Stonefield Castle is a Scottish baronial manor house near the village of Stonefield, north of Tarbert, Argyll & Bute, Scotland. It was built on the site of an earlier building, known as Barmore, and has been in use as a hotel since 1950.

==History==
The original house of Barmore was constructed by the MacAlister family, who held nearby Tarbert Castle as tenants of the Duke of Argyll. They built the new house in the early 18th century, as the castle was deteriorating, though this led to a lawsuit in 1762 brought by the Duke against the MacAlister laird for neglect. Prior to this, Archibald Campbell, Sheriff of Argyll, had purchased the Barmore estate from Archibald MacAlister of Tarback in 1746.
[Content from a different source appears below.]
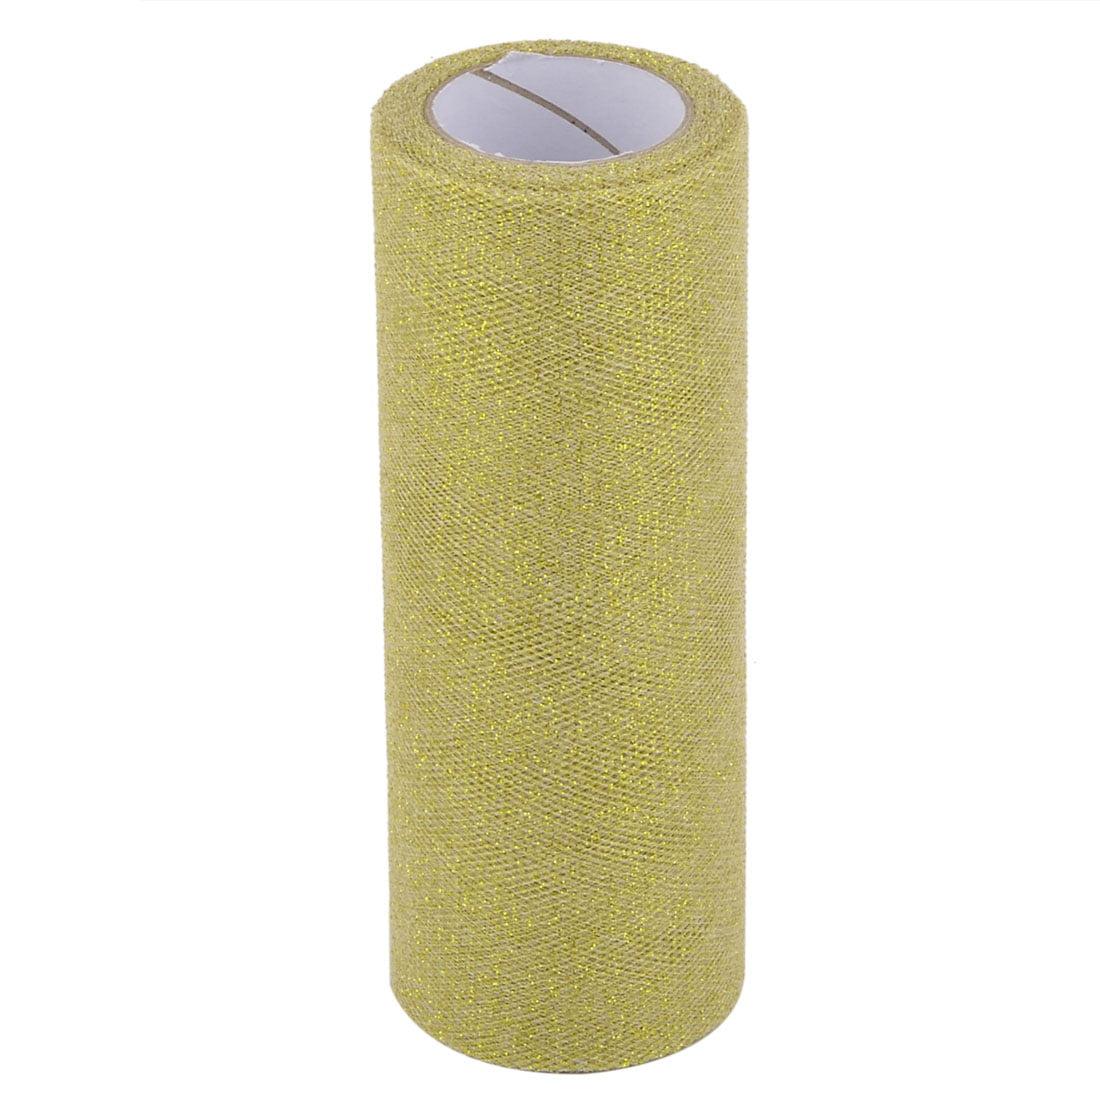 "Accueil Festival Polyester Tutu Emballage cadeau Tulle Rouleau tiroir 5.9"" x 10 Yards - image 5 de 5"

The present castle was commissioned by John Campbell (1788-1857), grandson of John Campbell, Lord Stonefield (1720–1801), and designed by Edinburgh architect William Henry Playfair. It was completed in 1837, replacing the earlier Barmore. Playfair designed a number of buildings in the grounds, including bridges and a folly, and may have advised on the layout of the gardens. Campbell planted a number of species of Rhododendron and Magnolia, using seeds recently acquired on botanical expeditions by Archibald Campbell (his cousin) and Joseph Dalton Hooker in 1850. The plant collections were maintained and enhanced by later generations of Campbells, who also had gardens at Achnacloich near Connel. In 1948 the Campbells sold Stonefield, and it opened as a hotel in 1950.

The castle is a category B listed building. The grounds of the house are included in the Inventory of Gardens and Designed Landscapes, as an "important example of a 'west coast' woodland estate landscape" of national importance, with an outstanding plant collection.